Problem →
Entries below include pictures. Output exactly the lines from the one with "Shrimp and Sea" down to the one with "Geladeira/refrigerador 105 Litros", both ends included, and leave the pictures out.

Supplied information →
□ □ □ □ □ □ □
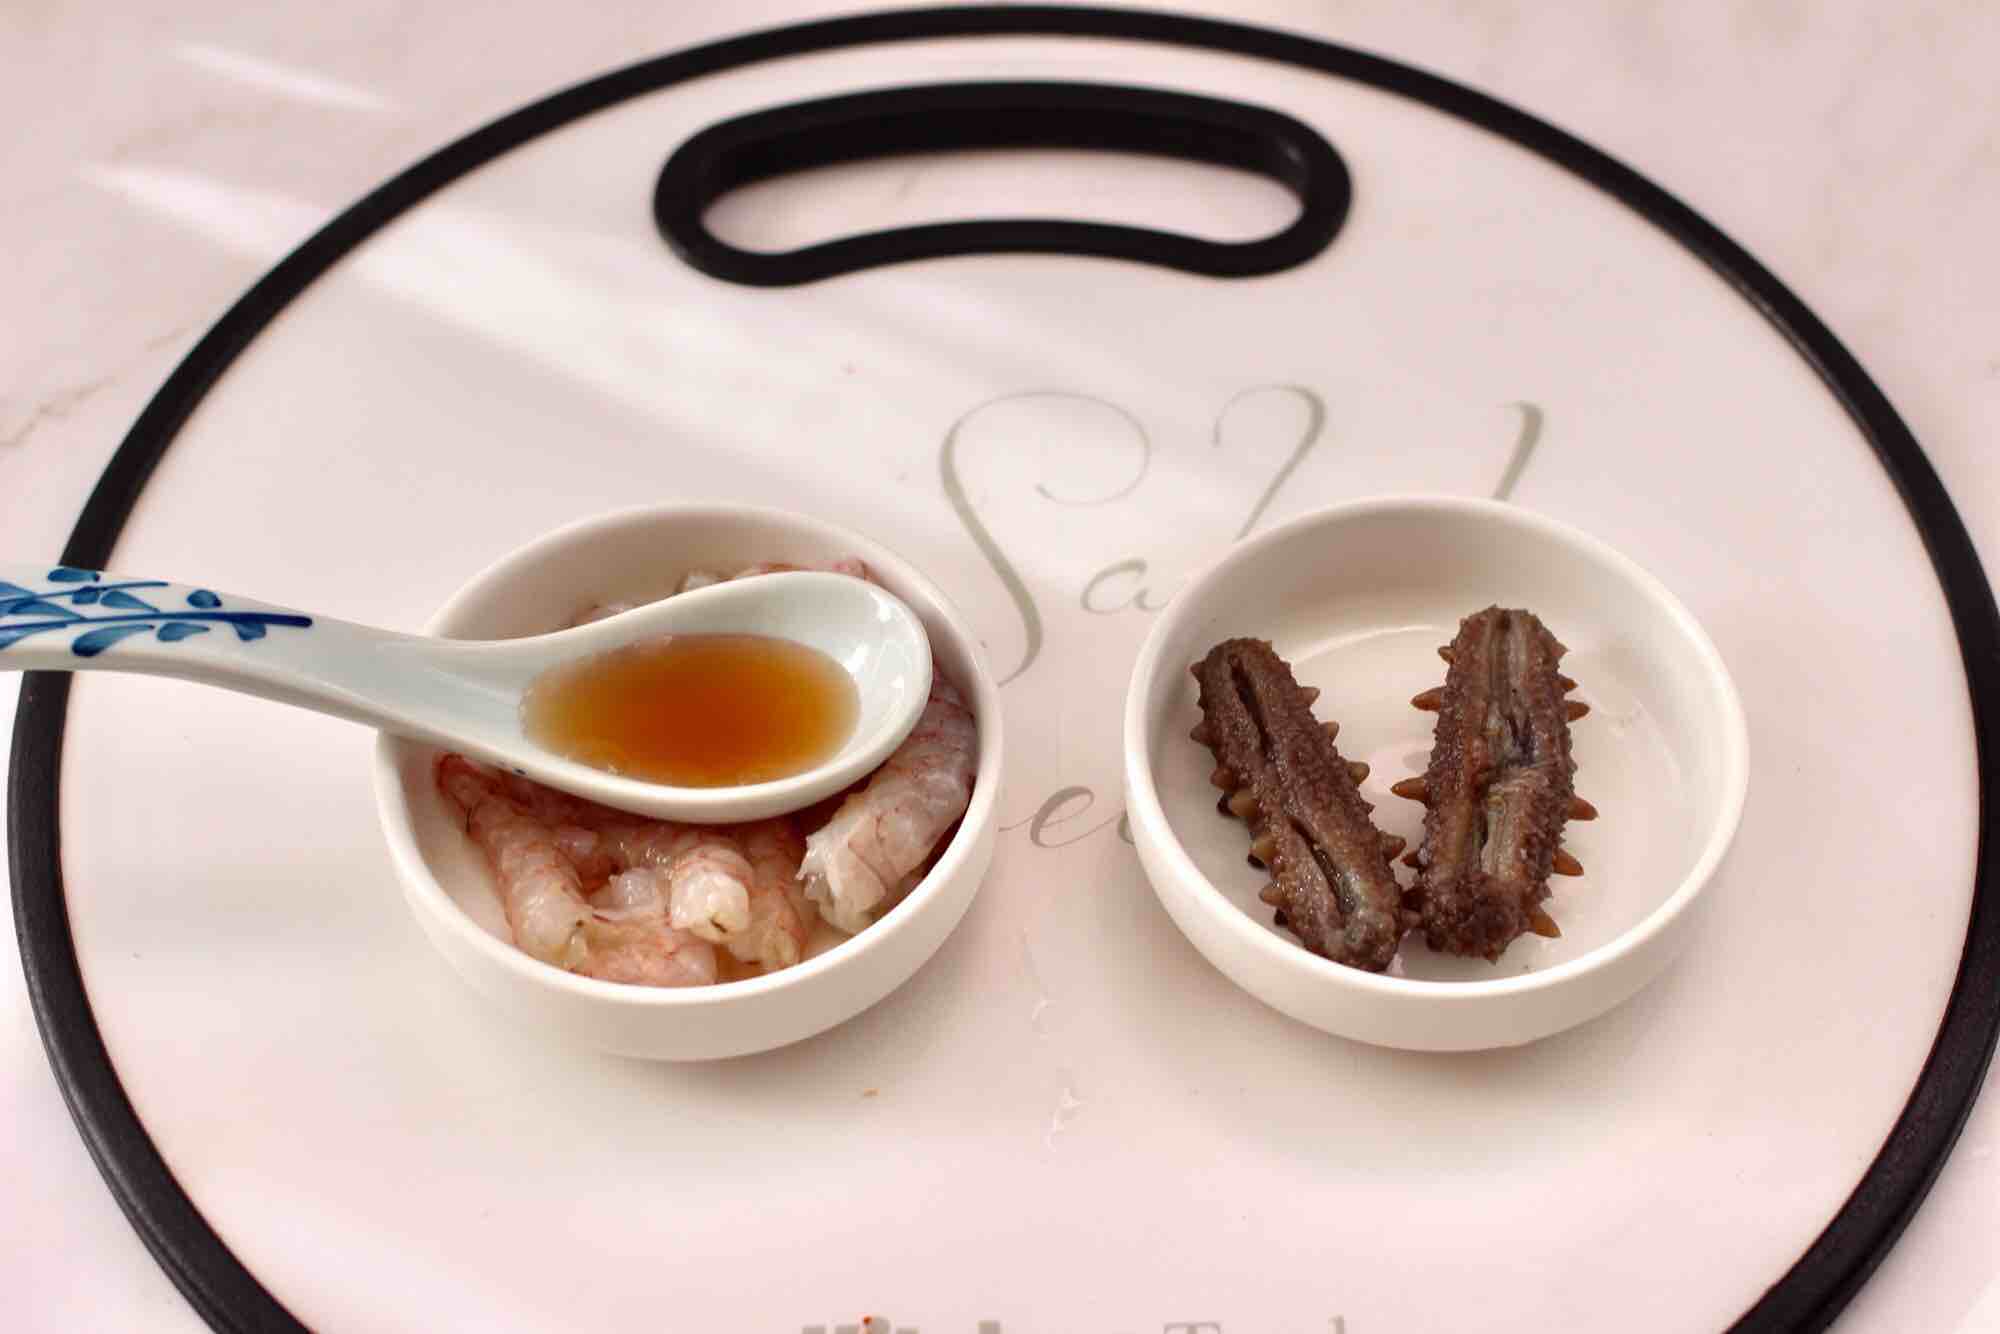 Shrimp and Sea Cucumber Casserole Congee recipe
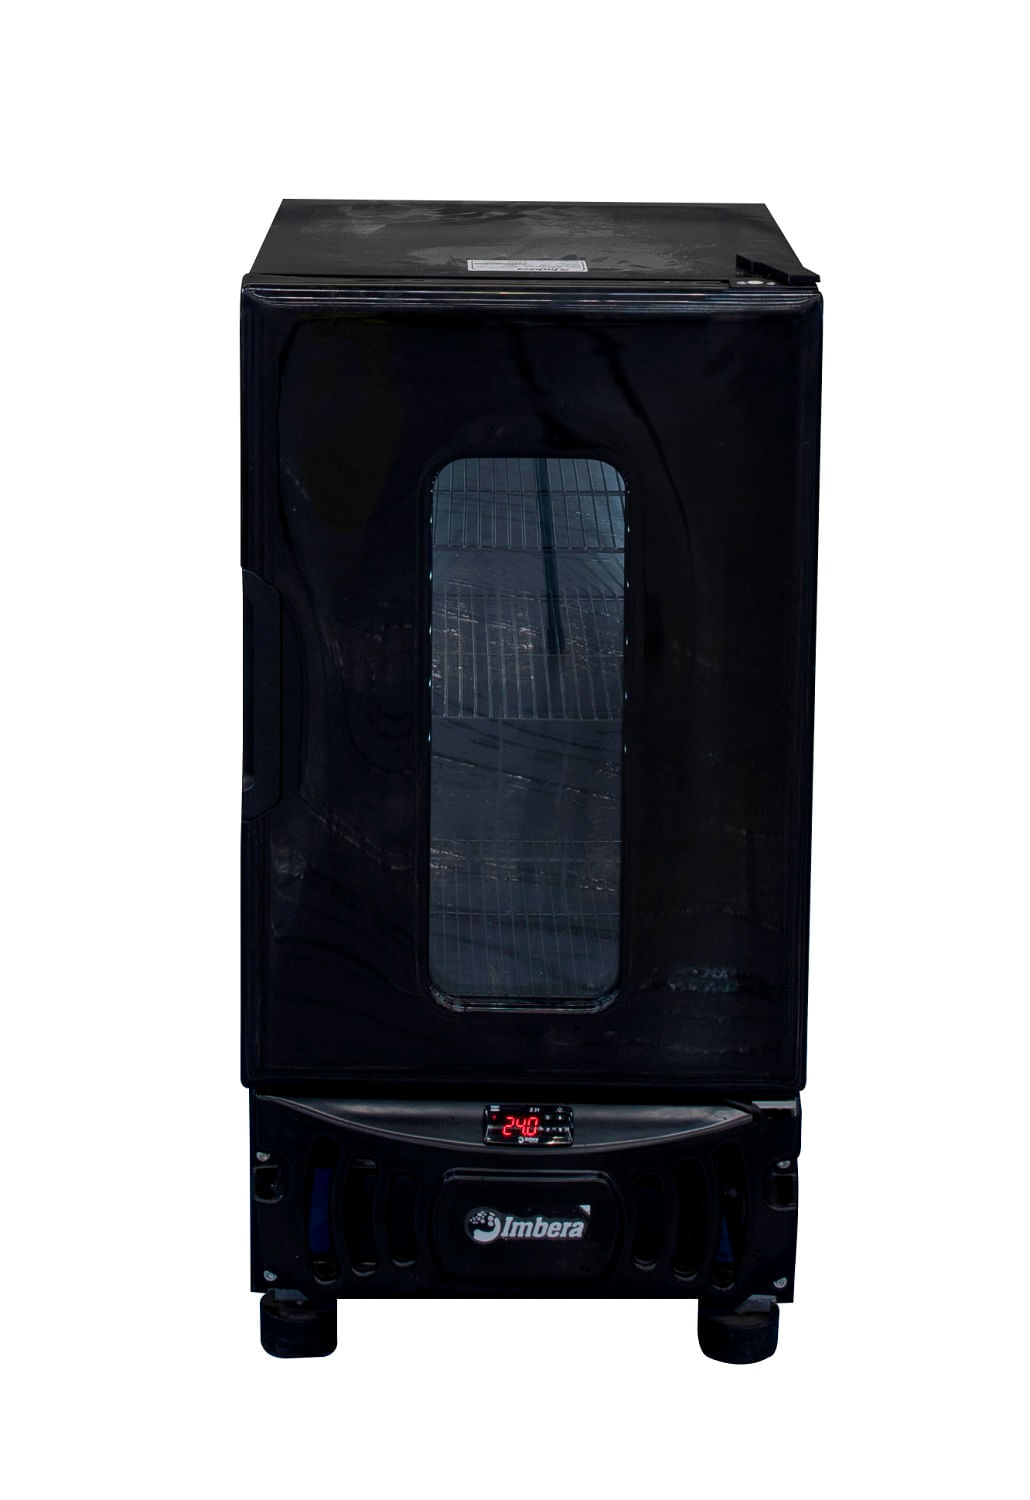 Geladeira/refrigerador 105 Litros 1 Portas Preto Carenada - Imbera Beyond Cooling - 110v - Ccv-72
□ □ □ □ □ □ □
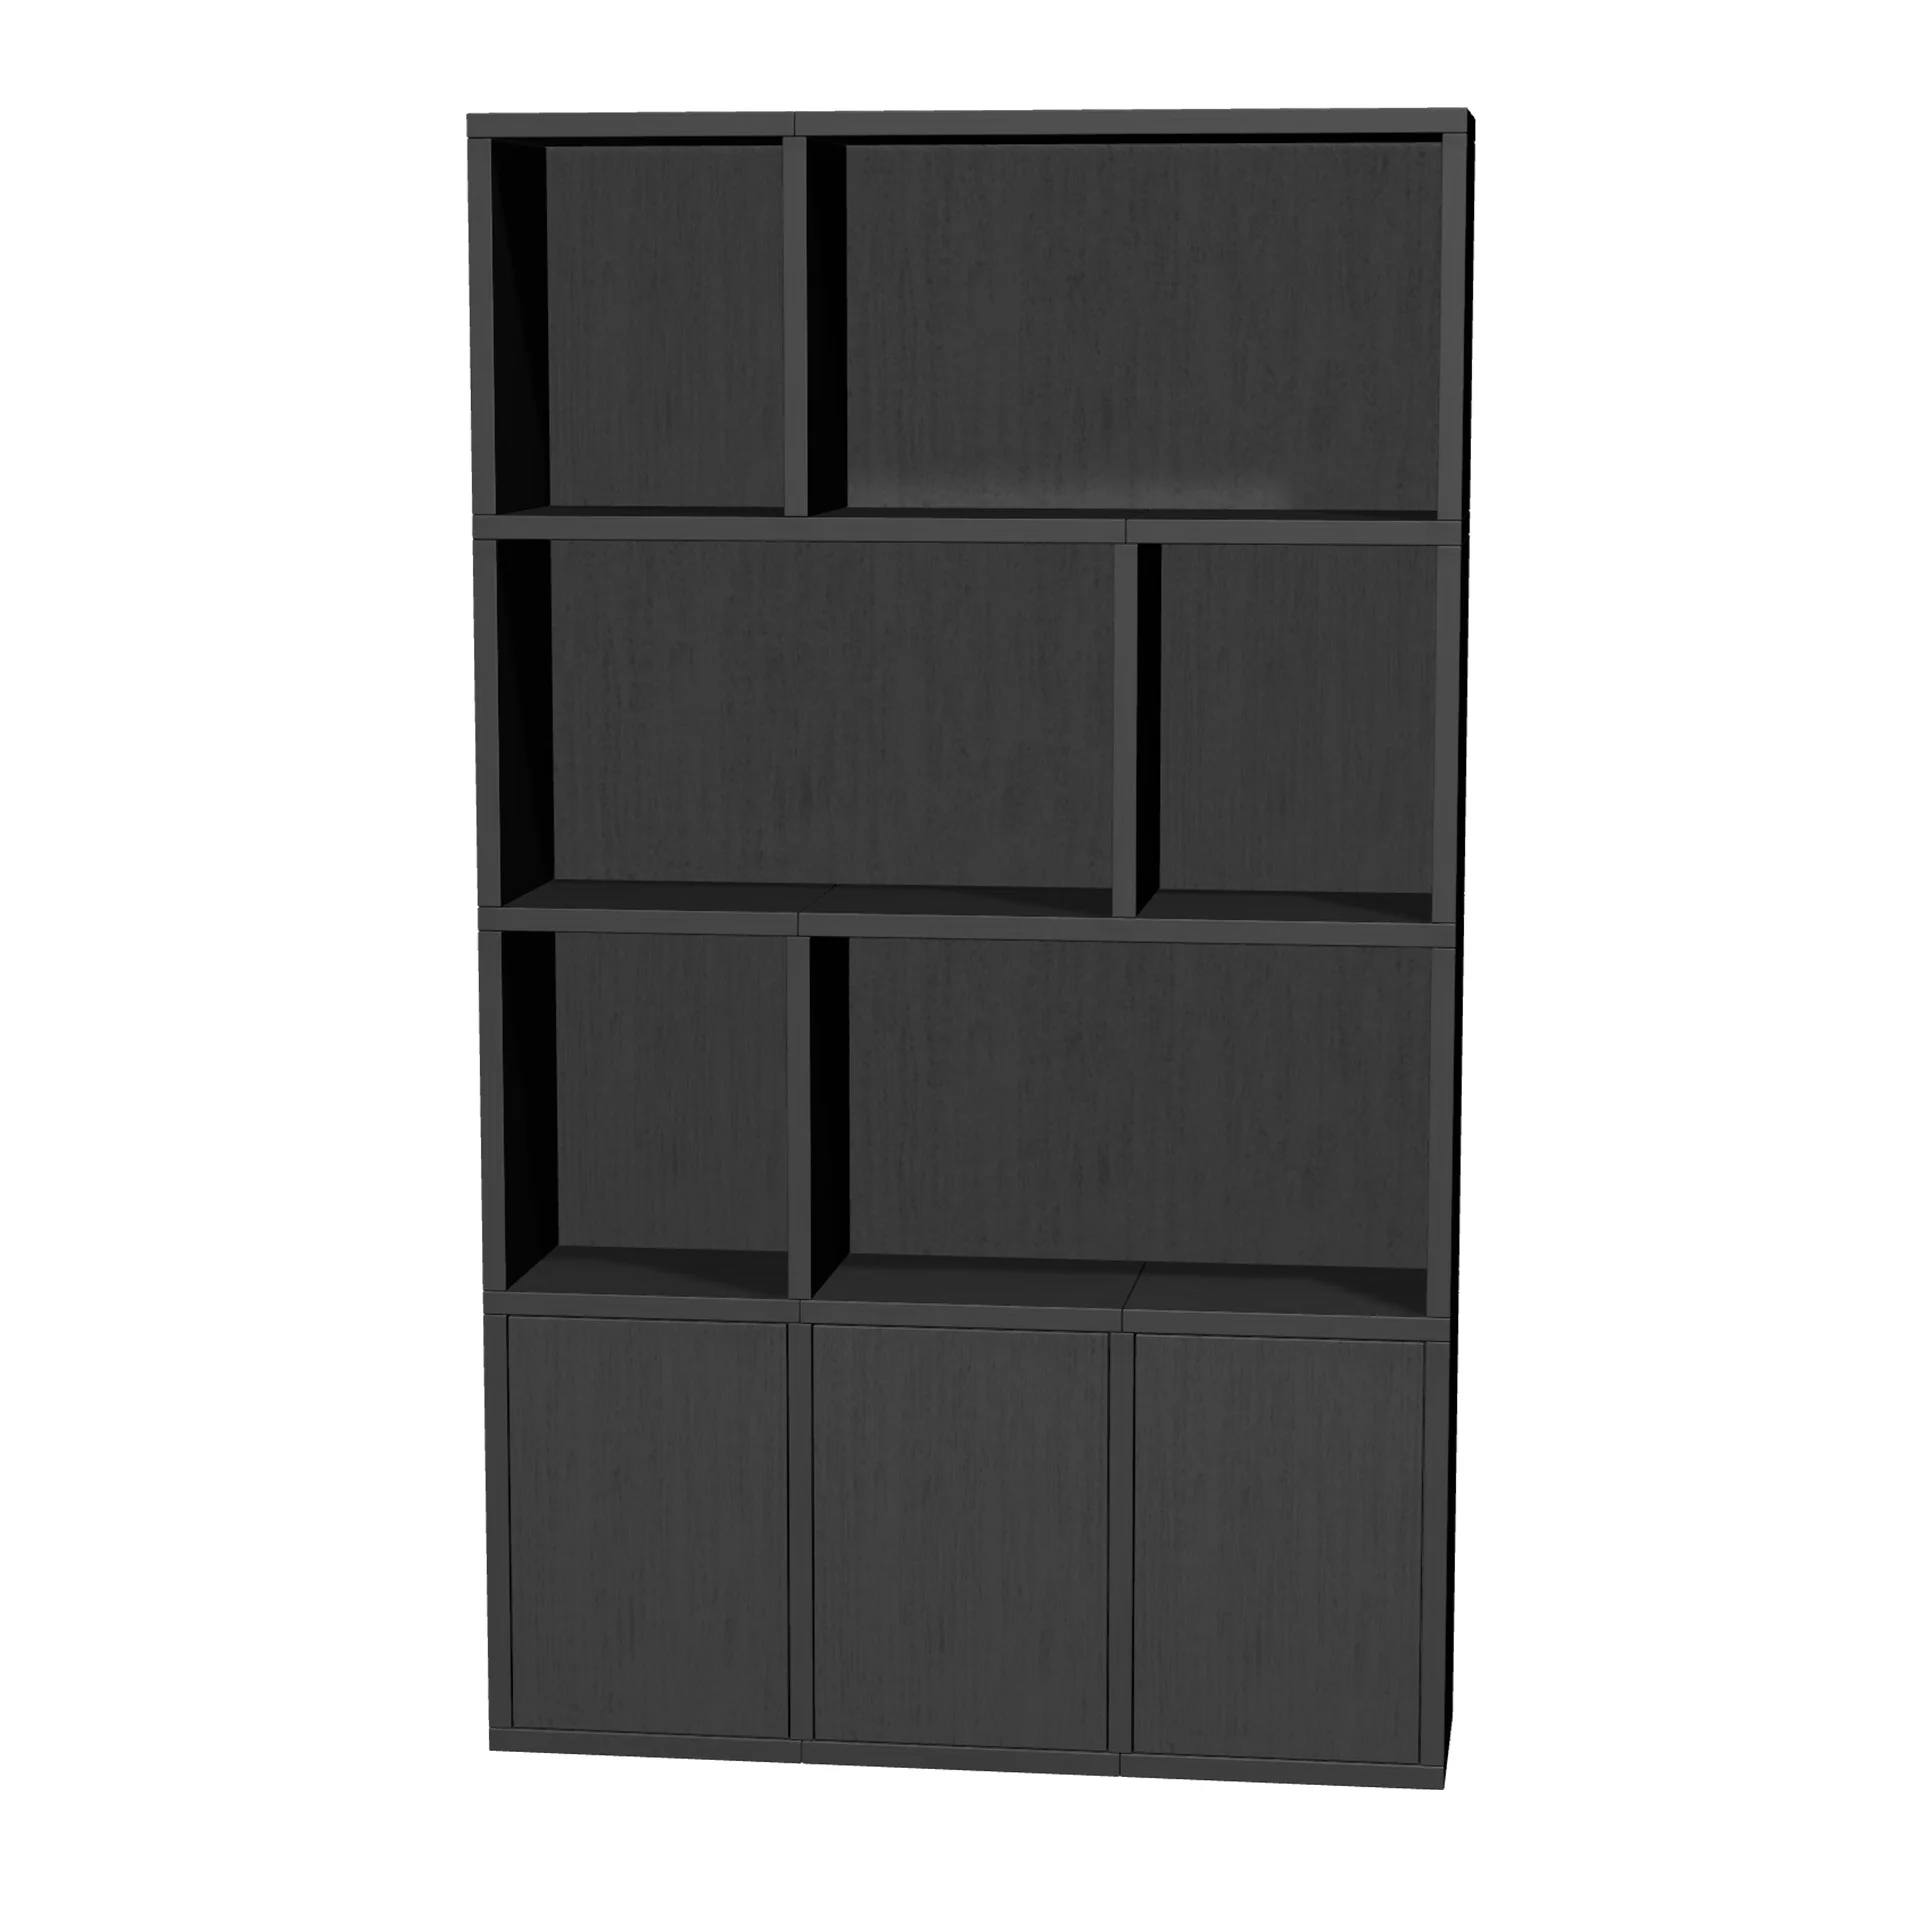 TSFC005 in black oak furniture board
□ □ □ □ □ □ □
Solution to this exercise →
 Shrimp and Sea Cucumber Casserole Congee recipe
 Geladeira/refrigerador 105 Litros 1 Portas Preto Carenada - Imbera Beyond Cooling - 110v - Ccv-72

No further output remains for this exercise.